当前位置:网站首页>Animation scoring data analysis and visualization and it industry recruitment data analysis and visualization
Animation scoring data analysis and visualization and it industry recruitment data analysis and visualization
2022-07-05 05:24:00 【Data ape from zero】
Data visualization course design
1, Animation scoring data analysis and visualization
2,IT Industry recruitment data analysis and visualization
1, Animation scoring data analysis and visualization
1.1 Data capture
Upload the captured file to ${HIVE_HOME}/mydata Under the table of contents
1.2 Hive Table creation and import
1.2.1 establish cartoon_info Table and import the data
CREATE EXTERNAL TABLE Json( data string )
Load data to Json Spare in the table
load data local inpath 'mydata/infos_total.json' overwrite into table Json;
establish cartoon_info surface
drop table if exists cartoon_info; CREATE EXTERNAL TABLE cartoon_info( `ssid` string, `cartoon` string, `views` bigint, `coins` int, `follow` int, `series_follow` int, `danmakus` int, `likes` int, `favorite` int, `favorites` int, `reply` int, `share` int, `cover` string, `url` string, `episodes` int, `count` int, `is_finish` int, `pub_time` TIMESTAMP, `media_tags` string, `voice_actor` string, `score` float ) stored as parquet location '/warehouse/cartoon_info';
Use Json Parsing insert data , Details please see : Hive And Json analysis ( Ordinary Json and Json Array )
insert overwrite table cartoon_info select json_tuple(json,'ssid' ,'cartoon' ,'views' ,'coins' ,'follow' ,'series_follow' ,'danmakus' ,'likes' ,'favorite' ,'favorites' ,'reply' ,'share' ,'cover' ,'url','episodes' ,'count' ,'is_finish' ,'pub_time','media_tags','voice_actor','score') from ( select explode(split(regexp_replace(regexp_replace(data,'\\[|\\]',''),'\\}\\, \\{','\\}\\;\\{' ) ,'\\;')) as json from Json )a;
1.2.2 establish cartoon_comments surface
CREATE EXTERNAL TABLE Json2( data string );
Load data to Json2 Spare in the table
load data local inpath 'mydata/comments_total.json' overwrite into table Json2;
establish cartoon_comments Table and import the data
drop table if exists cartoon_comments; CREATE EXTERNAL TABLE cartoon_comments( `mid` string, `uname` string, `ssid` string, `message` string, `like` int, `dt` timestamp ) stored as parquet location '/warehouse/cartoon_comments';
Use Json Parsing insert data , Details please see : Hive And Json analysis ( Ordinary Json and Json Array )

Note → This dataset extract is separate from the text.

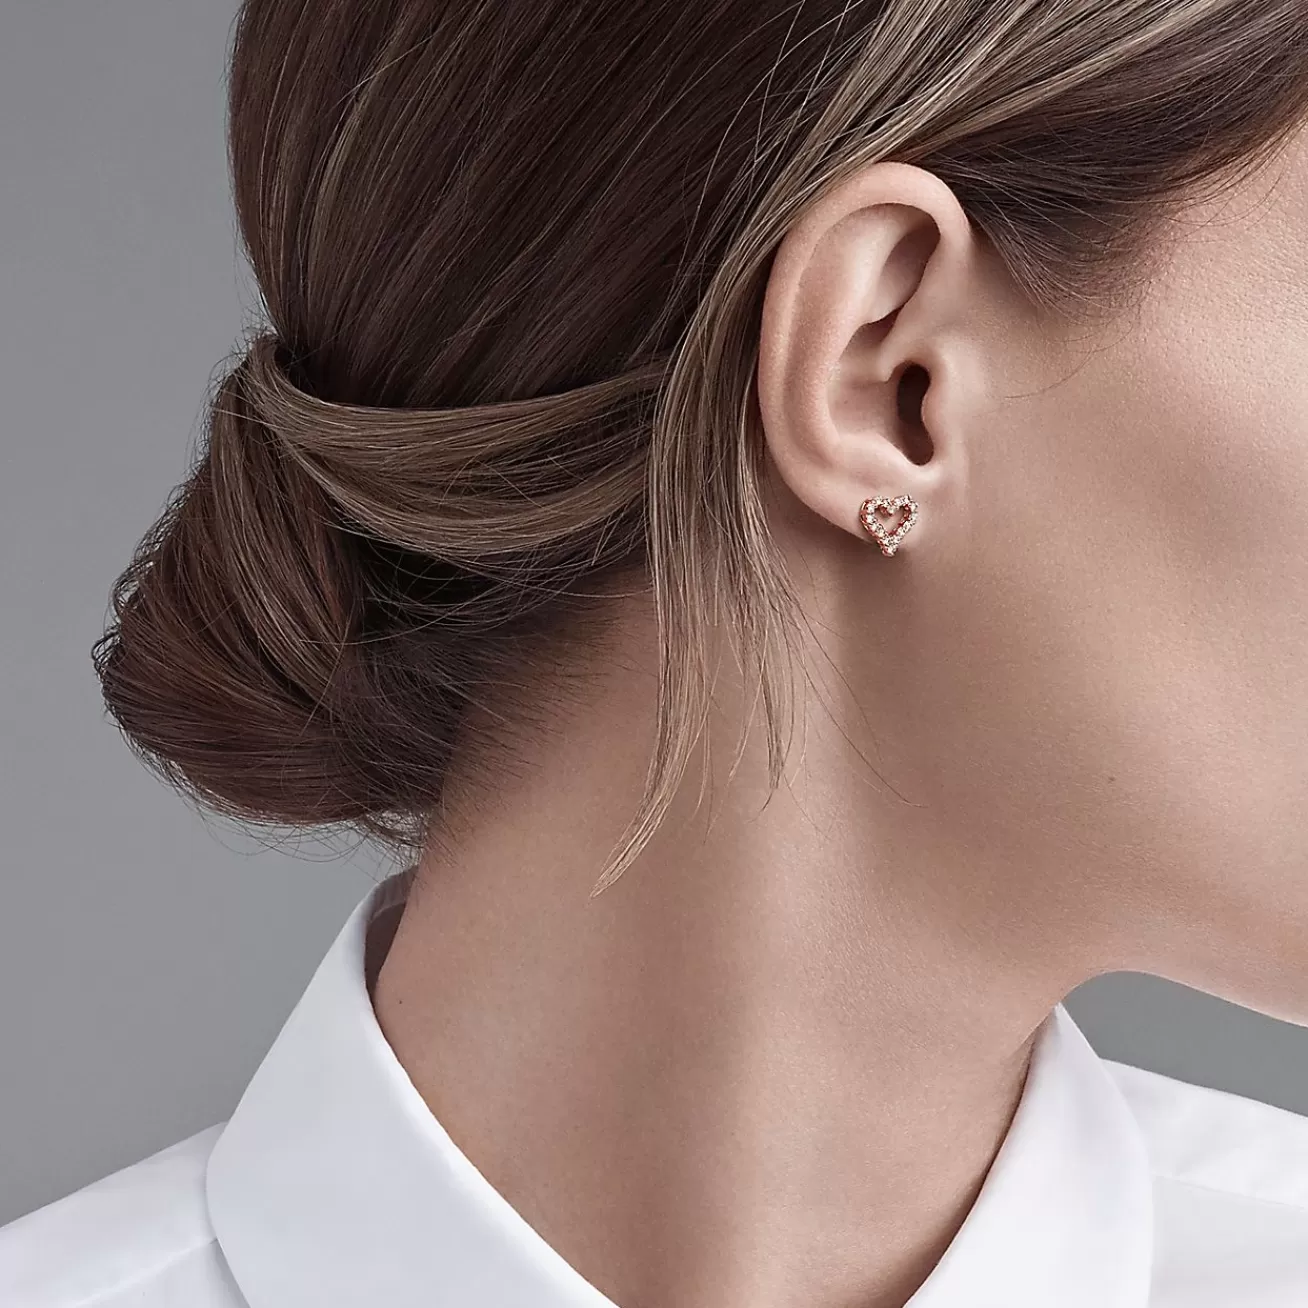 Tiffany & Co. Heart earrings in 18k rose gold with diamonds, extra mini. | ^ Earrings | Rose Gold Jewelry

insert overwrite table cartoon_comments select json_tuple(json,'mid' ,'uname' ,'ssid' ,'message' ,'like' ,'dt' ) from (select explode(split(regexp_replace(regexp_replace(data,'\\[|\\]',''),'\\}\\, \\{','\\}\\;\\;\\;\\{' ) ,'\\;\\;\\;')) as json from Json2)a;
Two IT Industry recruitment data analysis and visualization
1.1 Data capture
1, You need to log in to dragnet !! Please pay attention to replacing individuals Cookie And Cookie Don't have Chinese , Otherwise, an error will be reported ; If Cookie Don't take effect , Please open other pages of dragnet to get Cookie.
2, If an error is reported, please open dragnet to check whether it needs to be verified
Upload the captured file to ${HIVE_HOME}/mydata Under the table of contents
2.1 Hive Table creation and import
CREATE EXTERNAL TABLE Json3( data string )
Load data to Json3 Spare in the table
load data local inpath 'mydata/jobsInfo.json' overwrite into table Json3;
2.1.1 establish jobs_info Table and import the data
drop table if exists jobs_info; CREATE EXTERNAL TABLE jobs_info( `job` string, `keyword` string, `place` string, `requirement` string, `salary` string, `tags` string, `welfare` string, `pubtime` date ) stored as parquet location '/warehouse/jobs_info';
Use Json Parsing insert data , Details please see : Hive And Json analysis ( Ordinary Json and Json Array )
insert overwrite table jobs_info select json_tuple(json,'job' ,'keyword' ,'place' ,'requirement' ,'salary' ,'tags' ,'welfare' ,'pubtime') from ( select explode(split(regexp_replace(regexp_replace(data,'\\[|\\]',''),'\\}\\, \\{','\\}\\;\\{' ) ,'\\;')) as json from Json3 )a;
3, Data analysis and Visualization
3.1 Pyhive Connect Hive course :
Python install sasl,thrift,thrift-sasl And connect PyHive
Connection code : Pyhive
3.2 Data analysis and Visualization
Install the necessary packages
pip install pandas==0.23.4 pip install pyecharts==1.9.1 pip install matplotlib==3.5.1 pip install numpy==1.18.5 pip install jieba==0.42.1 pip install squarify==0.4.3
1, Animation scoring data analysis and visualization Data analysis code :bilibili
The code contains [" Rose chart "," Clouds of words "," Radar map "," Scatter plot "," Funnel diagram "," Ring graph "," Bar chart "," Tree diagram "," Matchstick "," Subgraphs "] common 10 Types of Graphs , Contains 4 individual matplotlib Figure and 6 individual pyecharts A simple analysis of the graph .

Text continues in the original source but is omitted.